Через пару месяцев в нашем доме… Чуете, как быстро я привыкаю? Вот уже и Рустамова изба, в которой я и оказалась-то случайно, стала для меня домом. И не просто, а нашим. То есть и моим. Какая-то кошачья приспособляемость. Обошла по периметру, и всё – это мой дом. Ну да не важно. В конце февраля в доме появился младенец: Мамлякат родила мужу еще одного мальчика, такого же крепенького, с глазками-маслинами и чёрными волосиками, как и два его старших брата. Забот прибавилось у всех. Но Верка, безусловно, считала, что только у неё.
Правда, очень скоро, подопечных у Верки убавилось.
Я попалась.
Мы с Африкой попались.
Хищник, идущий за мной по пятам, был хитрее нас, двух глупых гусынь. Выследил.
Машка забежала за мной, когда я закрывала свою лавочку. Мы и десяти метров не прошли, как рядом тормознул какой-то фургончик. Дверь на боку отъехала, выскочили два амбала в балаклавах и бодренько затолкали нас в кузов, отобрав сумки. Мы и вякнуть не успели, как оказались в железном коробе, в темноте. Машина тронулась. Конечно, мы орали, долбили ногами в стены, вдруг кто услышит, догадается, что тут что-то неладно, в полицию звякнет. Но даже если и так, сколько это займет времени? А нас уже везут куда-то. Куда? В кукольный заповедник, куда ещё. В этом я была уверена.
Фургон остановился. Дверь отъехала. Мы с Африкой вцепились друг в друга. Но мужики с чёрными масками вместо лиц, растащили нас в стороны. Один держал меня, второй поволок Машку наружу. Она верещала и выворачивалась. Он ударил её два раза, и Машка обмякла у него на руках. Оттащив её с обочины, швырнул в кювет. Она упала лицом вниз, а этот вытащил пистолет с длинным дулом и выстрелил.
Выстрелил ей в голову.
Они убили Африку! Мою Африку! Я заревела взбешённой медведицей. Откуда силы взялись, не знаю, но я оттолкнула державшего меня мужика и выпрыгнула из машины. Кто-то обхватил меня сзади. В шею клюнуло жало.
Мир перевернулся и потух.
Глава 8
Чёрт, чёрт, чёрт, сколько можно?! Скоростное выныривание из мрака небытия – декомпрессия сознания.
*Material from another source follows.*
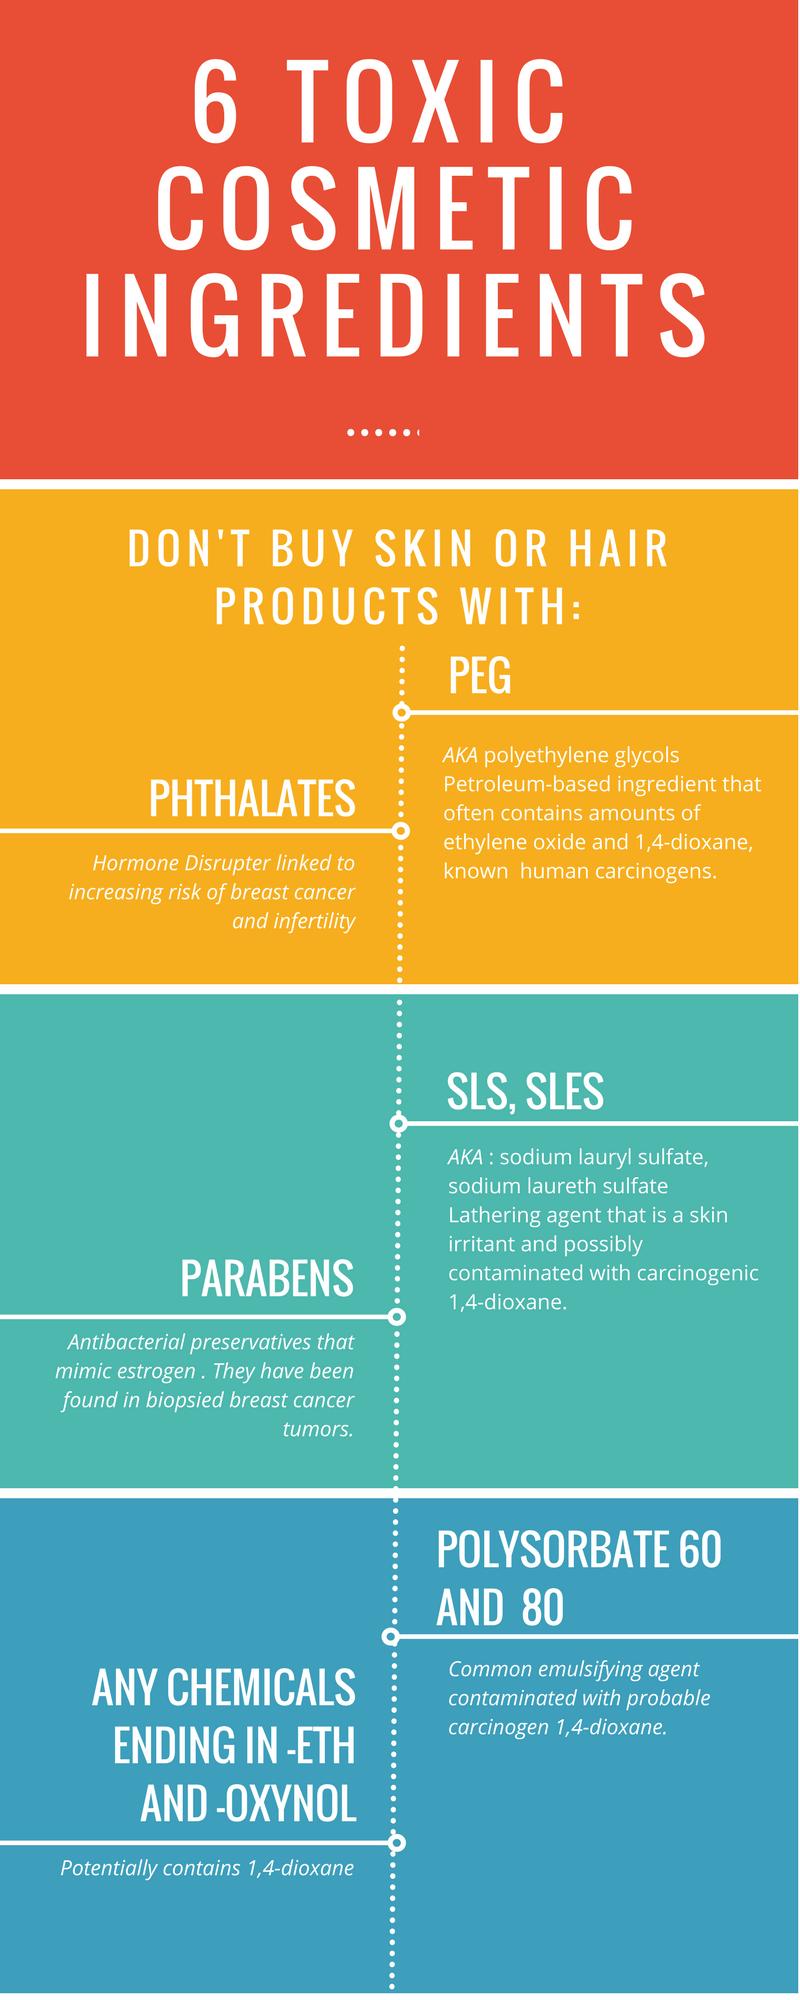 Toxic Cosmetic Toxic Cosmetic Ingredients Cosmetics Ingredients Makeup Ingredients

Цветок счастья от обретения себя в мире мгновенно обугливается, сгорая в вернувшейся памяти, рассыпается чёрным пеплом ужаса. Африка мертва. А я… Я снова в кукольной коробке. Тошнит— вкололи гадость какую-то – скоро в наркоманку превращусь. Доползаю до туалета, пью холодную воду из крана. Плеснуть в лицо. Глянуть в зеркало. Это я? Безумные глаза и красный ежик волос. Красный! Я – Понедельник! В животе скручивается моток колючей проволоки, режет внутренности, выталкивает желудок в горло. Меня рвёт в раковину. Желчью, сгустками горечи. Комьями ужаса. Пот скатывается по загривку, текут слезы и сопли. Меня рвёт пустотой, обжигающим холодом космоса, в котором я навсегда одна. Спазмы отдаются в затылок, там непрерывно ахают взрывы. Вспыхивают сверхновые.
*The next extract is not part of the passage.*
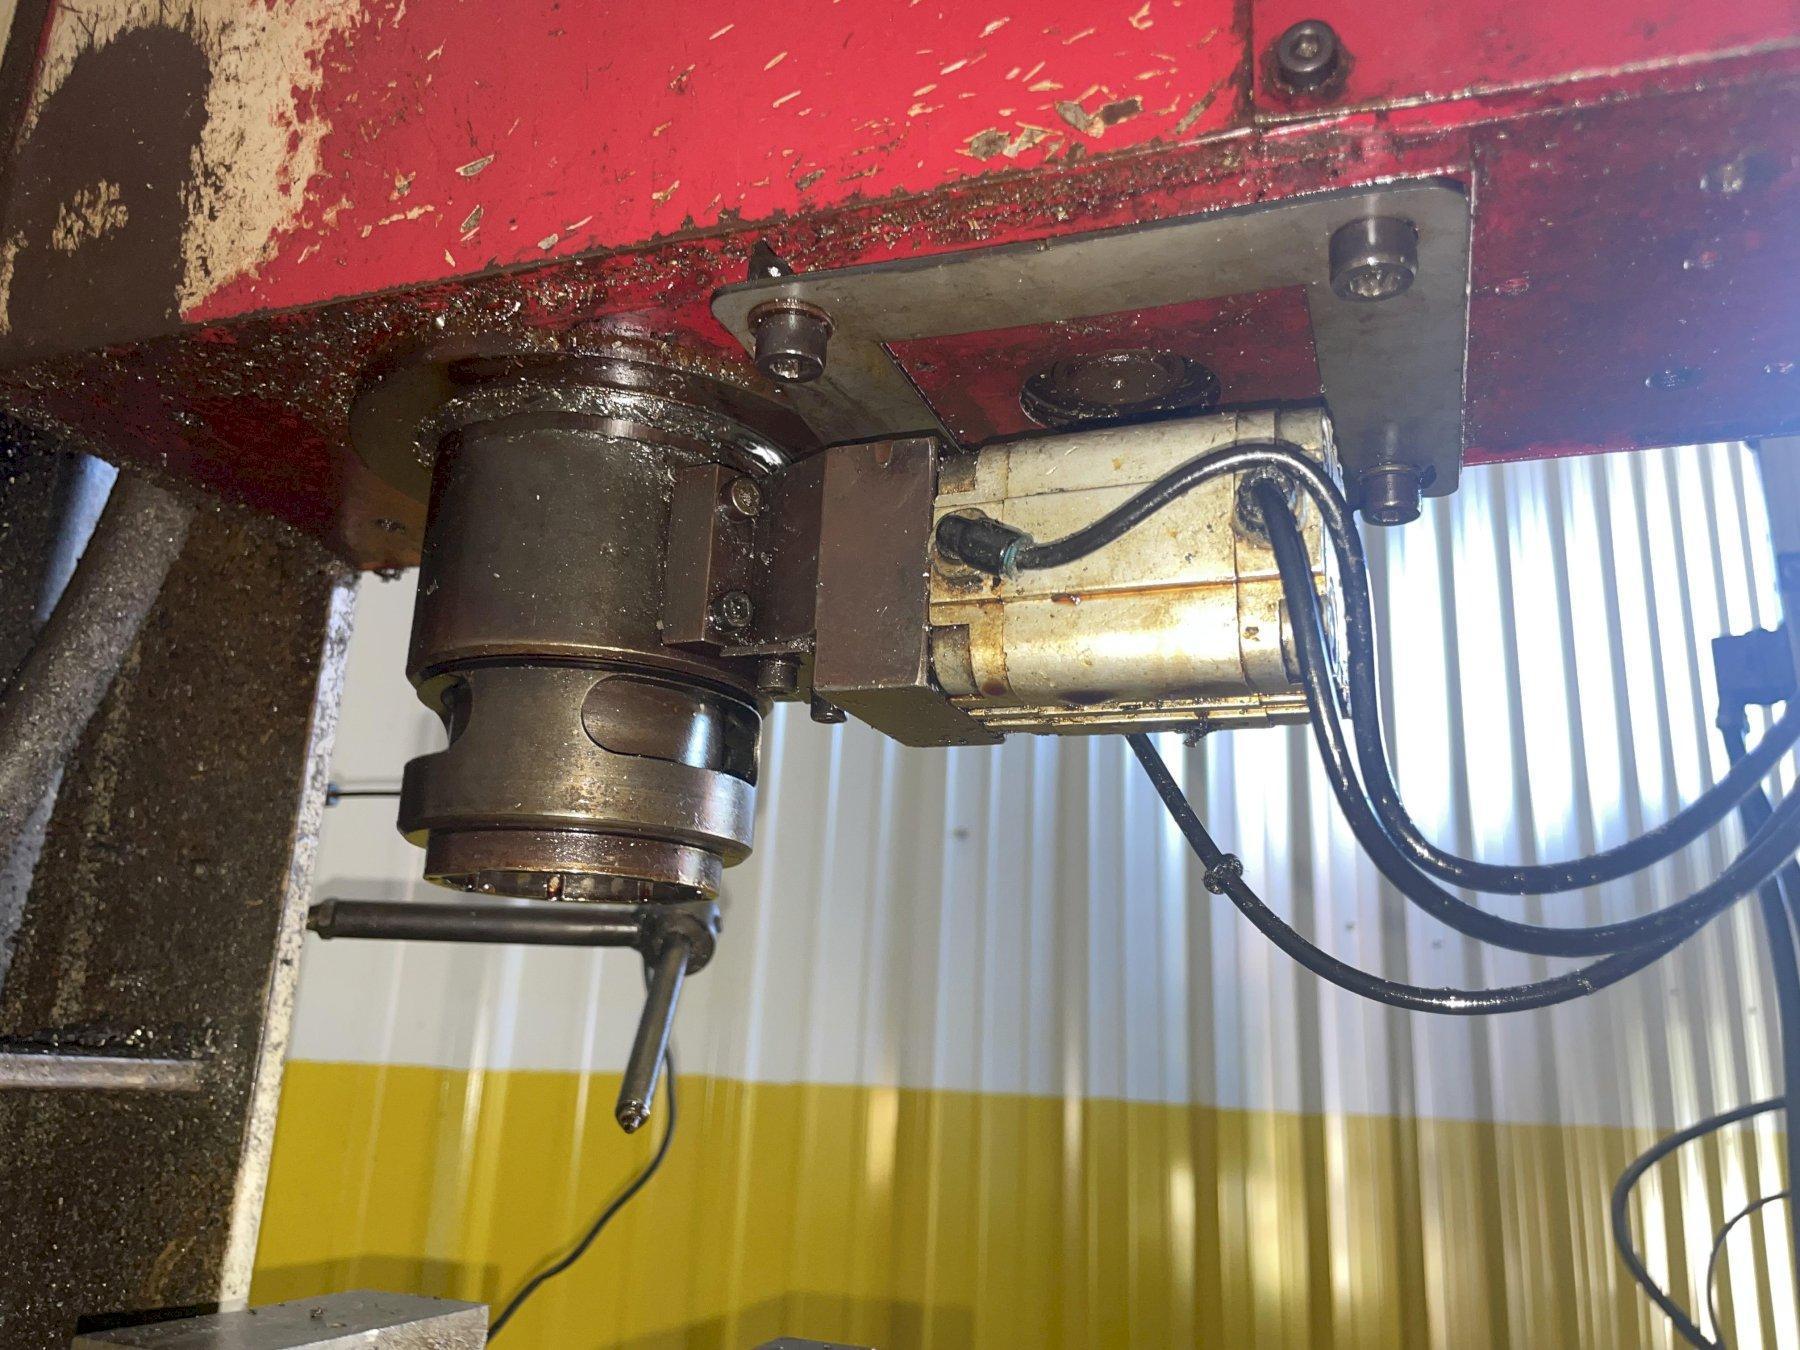 "2"" T-DRILL MODEL #S-54 AUTOMATIC TUBE COLLARING MACHINE: STOCK #15430"

Проблевавшись, сую голову под душ, горячая струя усмиряет боль под черепушкой, умиротворяет. Смиряет.
Надо оглядеться. Подхожу к окну. Да, это та же комната, в которой я была раньше. Можно бы сказать короче: моя. Но даже мысленно не хочу называть её своей. Под окном та же дорожка от ворот к кухне. Темно. По-моему, предрассветное утро. Небо тёмное, гранитное, но край над вздыбленными черными кронами уже золотится. Ручки на оконной раме нет. Рама глухая. Не открывается. Выхожу в коридор, спускаюсь по лестнице. Входная дверь заперта. Ни ручки, ни замочной скважины, магнитный замок, значит. Не расковыряешь. Клетка заперта.